Dulu, aku menganggap kalau itu hanya perasaanku saja. Aku tidak ingin berprasangka buruk terhadapnya. Namun, ternyata sikap kasar yang dia tunjukkan di depanku tidak hanya sekali, tetapi ini untuk ketiga kalinya.
“Bella mengatakan yang sebenarnya, Pih.” Bella dengan santai memberikan jawaban.

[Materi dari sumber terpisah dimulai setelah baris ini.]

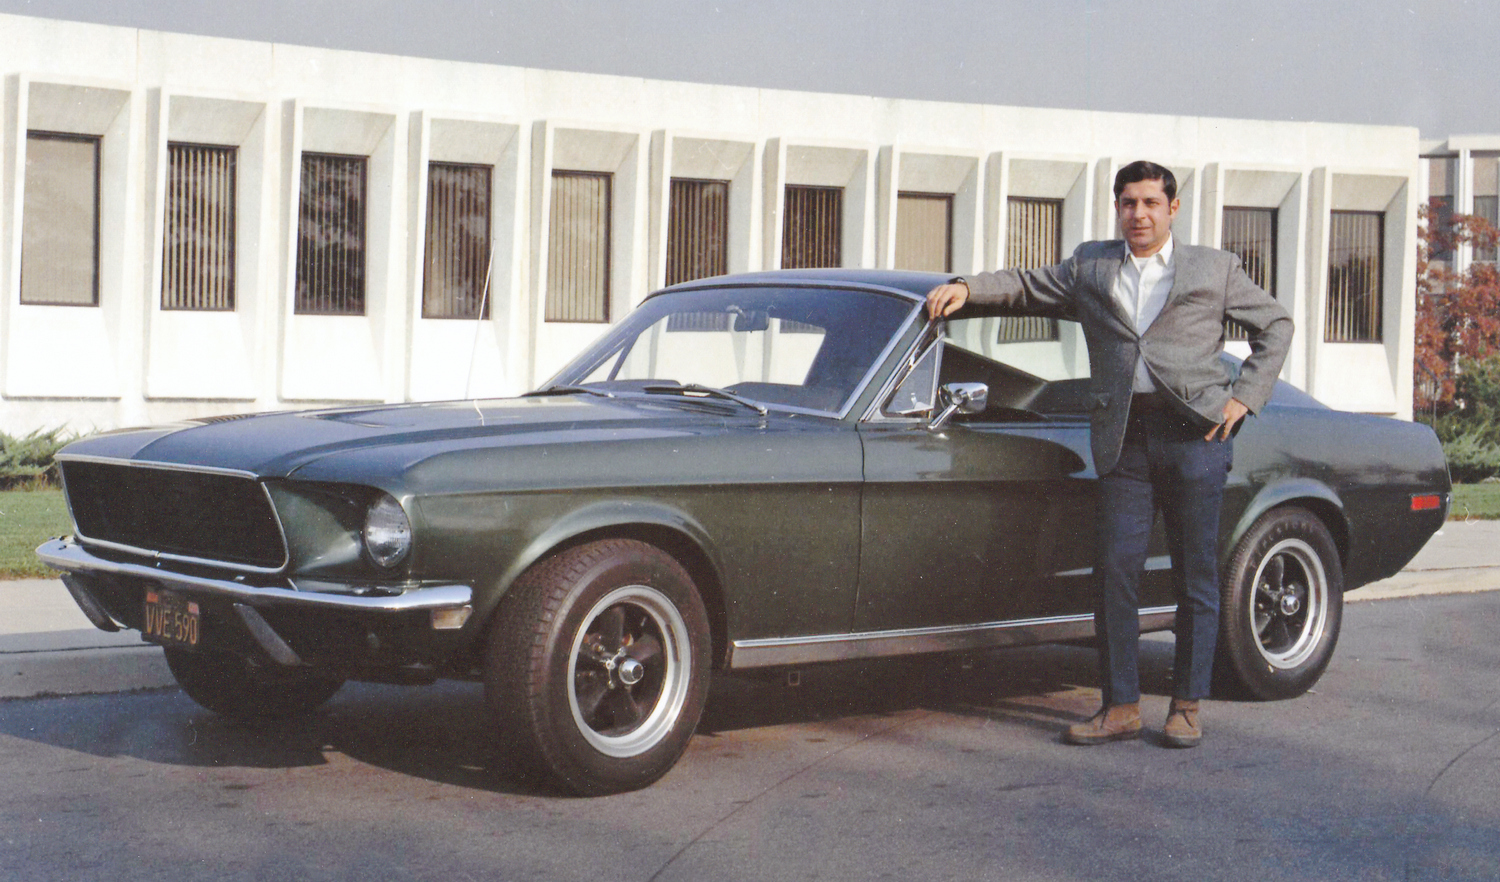   Bullitt 559's second owner, Frank Marranca, proudly poses for some of the only photos ever made public of the car post-movie, circa 1973.    Property Frank Marranca

“Kenapa kamu ngomong seperti itu, Bel?” tanya Mas Haris kepada adiknya itu.
“Apa salah kalau aku jujur, Kak?” Bella justru balik bertanya.
“Jaga bicaramu! Tika itu kakak iparmu, istri Kakak. Kamu harus menghormatinya!” Mas Haris menaikkan suara.
“Sekarang Kakak udah berani bentak aku hanya karena wanita itu?” Bella menunjuk ke arahku.
“Diam kamu, Bella!” Mas Haris terlihat marah.
Aku memegang lengan Mas Haris untuk menenangkannya. “Sudah, Mas, saya yang salah. Sebaiknya saya makan di belakang aja supaya adik Mas nggak merasa terganggu dengan keberadaan saya.” Aku pun berdiri.
“Jangan, Sayang. Kamu istri saya dan sepantasnya kamu juga harus makan bersama keluarga di sini.” Mas Haris meraih tanganku.
“Nggak apa-apa, Mas. Ini demi kebaikan bersama.”
“Nggak usah sok cari perhatian, deh. Aku yang akan pergi dari sini!” Bella langsung berdiri lalu beranjak menuju ruang TV.
“Kamu duduk aja, jangan hiraukan dia.” Mami mertua memintaku untuk duduk.
“Iya, Mih,” balasku, kemudian kembali duduk.
“Maafin sikap Bella, ya, Sayang. Saya juga nggak tahu kenapa dia bersikap seperti itu padamu.” Mas Haris mengusap lenganku.
“Iya, Mas, nggak apa-apa.” Aku berusaha tersenyum.
“Ya, udah, kita sarapan sekarang.”
“Iya, Mas.” Aku mengisi piring Mas Haris dengan nasi, lauk, dan sayuran.
“Jangan pernah sungkan di rumah ini, ya, Nak Tika. Sekarang, ini juga rumahmu.” Papi mertua kembali membuka suara.
“Baik, Pih,” balasku singkat.
Akhirnya, kami sarapan berempat tanpa Bella. Aku tidak tahu apa alasan wanita itu untuk tidak suka kepadaku. Sebelumnya, aku sama sekali tidak mengenalnya dan bahkan melihatnya saja tidak pernah.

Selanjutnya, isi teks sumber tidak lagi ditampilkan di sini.